狂う7
「なんでこんなことしたの!」
お母さんの顔は、涙でぐしゃぐしゃだった。
目元が何度も擦ったみたいに真っ赤で、私は大変なことをしてしまったのだと理解した。
なんて馬鹿なことをしたんだろう。
「ごめんなさい……ごめんなさい、お母さん……」
号泣してお母さんに抱きつくと、温かい両手が背中に回る。
お母さんの背中は、想像していたよりも小さかった。
こんなにか弱いお母さんに、とてつもない心労をかけたんだ。
私の胸は罪悪感と後悔でいっぱいになった。
「学校でいじめられているのね」
憤然とした顔つきになるお母さん。
「ねえそうなんでしょう!? ずっと辛かったのよね!? 誰!? 誰にいじめられているの!?」
下駄箱に入れられた赤飯のことを思い出して、息が詰まって言葉が出てこなくなる。体中から変な汗がダラダラと出てきた。

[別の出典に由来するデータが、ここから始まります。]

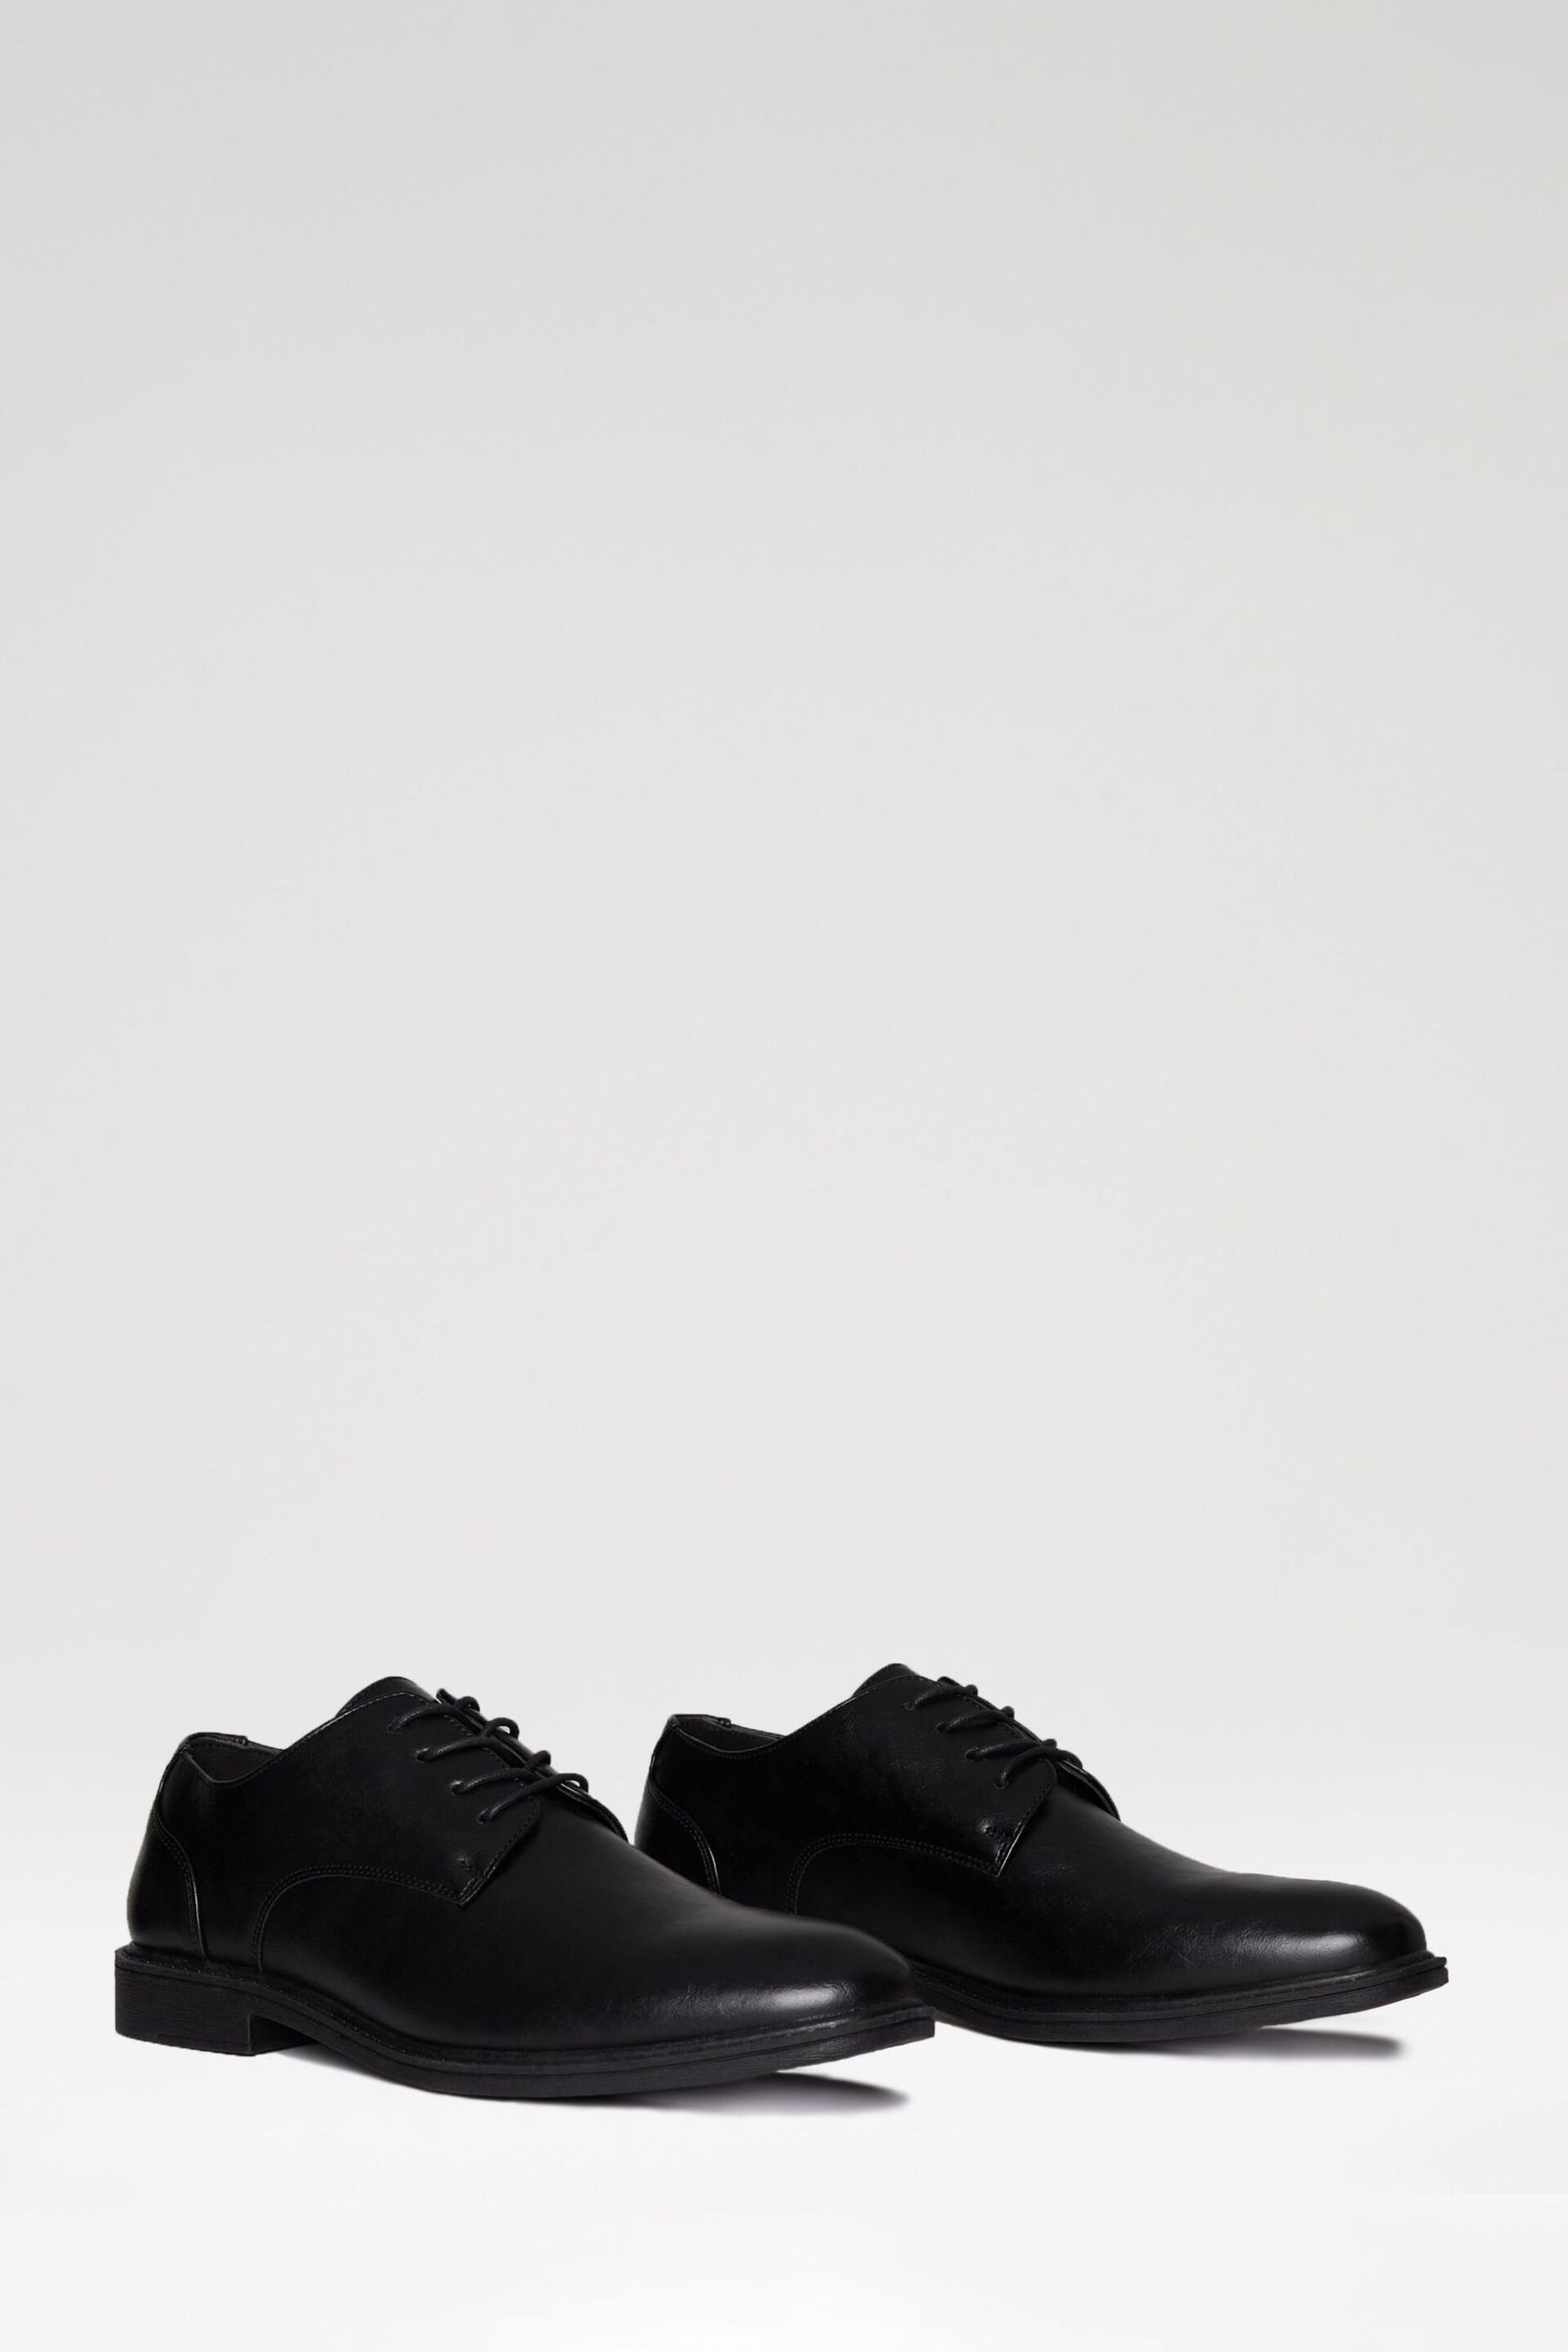 Threadbare Black Smart Derby Shoes - Image 2 of 4

「なんで何も言わないの! 黙ってちゃわかんないでしょ!!」
大きな声で責められて体が硬直する。こちらを咎める視線が突き刺さる。
「わ、わかんない……」
「わからない? そんな答えはないでしょ」
「本当にわかんないの……。下駄箱にせ、せ、赤飯が入れられてて……だ、だれが入れたのかわかんなくて……」
「下駄箱にご飯が……?」
お母さんは口元を押さえて「なんて酷いことを……」と涙を流した。
私のために泣いてくれるお母さんを見て、私が受けた仕打ちに同情してくれる姿を目の当たりにして、閉ざしかけていた心の扉がまた開きかけていく。

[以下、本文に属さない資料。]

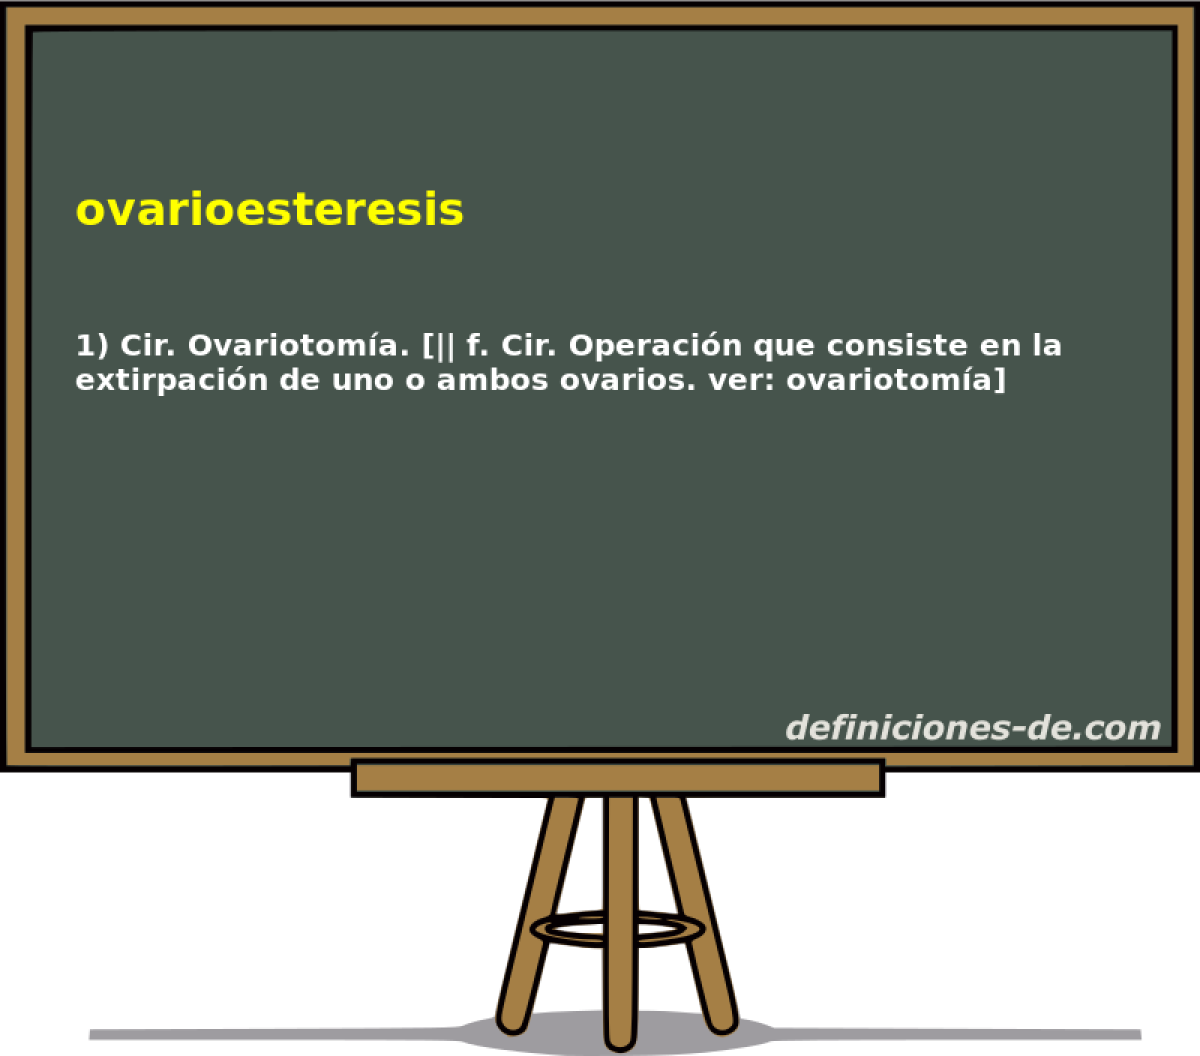 ovarioesteresis

私は、今まで学校の子たちから受けてきた嫌がらせを、ポツポツと打ち明けていった。
話の途中で、お母さんはまた私を抱きしめた。
「ごめんね、姫美。気づかなくてごめんね。ずっと辛かったよね。ごめんね」
わかってくれたの?
お母さんが軽い気持ちでやったことが、私をここまで追い詰めたんだって——。
「お母さん、学校に行って抗議してくるから」
「……え?」
「お腹を痛めて産んだ娘をこんな目に遭わせて……いじめの首謀者も、いじめに気づかなかった担任も、そんな生徒を育てた先生たちも許せないわ」
お母さんは、しきりに「許せない」と言った。
学校が全て悪いのだと言わんばかりの態度に、私は涙も引っ込んだ。
「姫美は可愛いから、レベルの低い子に妬まれちゃうのね。可哀想に。小学校ですらこんななんだから、中学校はもっと酷いはず。——姫美」
お母さんの頭の中では、どんなストーリーが進行しているのか飲み込めないまま、私は反射的に返事する。

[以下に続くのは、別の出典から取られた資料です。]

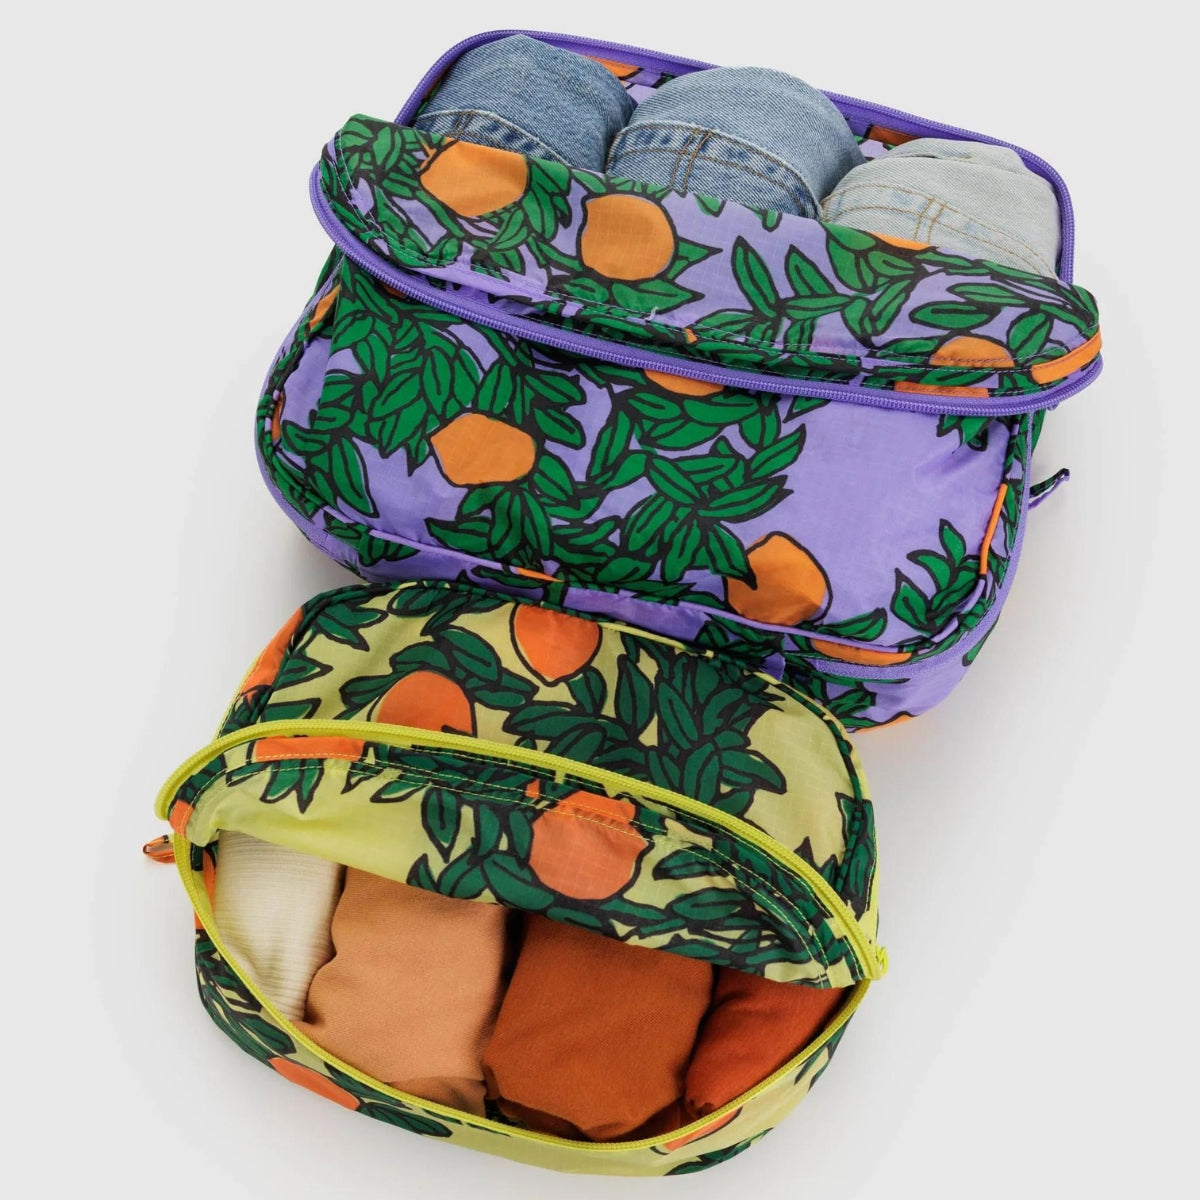 Baggu Packing Cube Set in Orange Trees

「中学は私立のところにしよう。公立の学校は危険だから」
「え……」
「私立なら治安も良くて、いじめっ子もいないはずだから——お母さん、色々調べて姫美にピッタリの学校見つけてくるからね」
お母さんは気づいてないんだ……。
私がいじめられた原因は、お母さんにあるんだってことを。
お母さんは、もはやクラスメイト全員があのアカウントを知っていることを知らない。
私が話さなかった。話したくなかった。
「違うよ!」
「なに? なにが違うのよ、姫美」
「あのね…………」
言葉が出てこなくなって、お母さんが苛立っている気配が伝わる。
「私がいじめられた理由は……理由はね……」
手のひらに爪が食い込む。
全てお母さんのせいだと、そう叫ぶべきだと心が言っている。
お母さんが私の成長を全世界に晒したから、こんなことになってるんだから!
お母さんが私のおむつ事情も、初恋の時期も、出来の悪かったテストの答案用紙も、初めて買ったブラも、生理が来たことも、全部全部ネットに上げちゃうから、私はあんなに揶揄われて嫌な思いしたんじゃん!
全部お母さんのせいだから!
頭の中ではそんな言葉が渦を巻いているのに、お母さんを前にすると何も言えなくなる。
何を言ったところで、わかってもらえない気がして。私の叫びが無駄にしかならない気がして。
何も言わない私の頭を、勘違いしたお母さんが優しい手つきで撫でる。
「大丈夫。お母さんに任せておけば安心だから」
昔はそうだった。幼い私にとってお母さんは真っ先に頼る存在で、お母さんに相談すれば何かしらの解決策が見つかる、という安心感があった。
でも、お母さんを信頼して何もかも相談した結果、こうなった。
足場が音を立てて崩れ落ち、奈落に落ちていく感覚だった。
しかし、これはまだ序の口だった。
私はもっと暗い穴に落ちることになる。